Douglas W. Elmendorf

Benefits for older Americans — especially through Social Security and Medicare — account for the largest part of federal spending today and for the lion’s share of the spending growth that will occur in coming decades without changes in policies. That growth is not surprising: With baby boomers moving into retirement, the number of beneficiaries of those programs is surging. Indeed, in the Congressional Budget Office’s current-law projections, all federal spending apart from Social Security, Medicare, defense and interest on the debt will amount to about the same percentage of gross domestic product 25 years from now that it did 25 years ago. At the same time, federal debt is now larger relative to the economy than at almost any point in our history and is on an upward long-term trajectory.

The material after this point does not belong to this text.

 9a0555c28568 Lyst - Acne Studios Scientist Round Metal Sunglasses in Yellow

Therefore, cuts in Social Security or Medicare benefits, or increases in the taxes used to finance those programs, will almost certainly be needed to put federal debt on a sustainable path.

In deciding what benefit cuts or tax increases would make the most sense, two developments of the past few decades are especially important: First, the incomes of people across most of the income distribution have risen quite slowly, while incomes at the high end have risen rapidly. Most people in the country have seen little increase in their earnings despite gains in total output and income. Second, changes in labor markets are significantly reducing the role of traditional employer-provided retirement benefits. In particular, the number of workers with defined-benefit pension plans has fallen sharply.

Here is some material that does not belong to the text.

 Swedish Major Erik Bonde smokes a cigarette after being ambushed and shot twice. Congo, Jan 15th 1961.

If we narrowed the gap between federal revenue and spending through significant across-the-board cuts in Social Security and Medicare, we would significantly reduce total retirement income for many lower- and middle-income people. That approach would be wrong, in my view, because it would impose a large burden on the people who have been experiencing the slowest income growth. It would also be wrong because those benefits have distinctive characteristics that are even more important for people who do not have defined-benefit pensions: In contrast with most personal saving, Social Security benefits protect against longevity risk because they are annuities, they impose no financial-market risk, and they do not require long-term planning or self-control.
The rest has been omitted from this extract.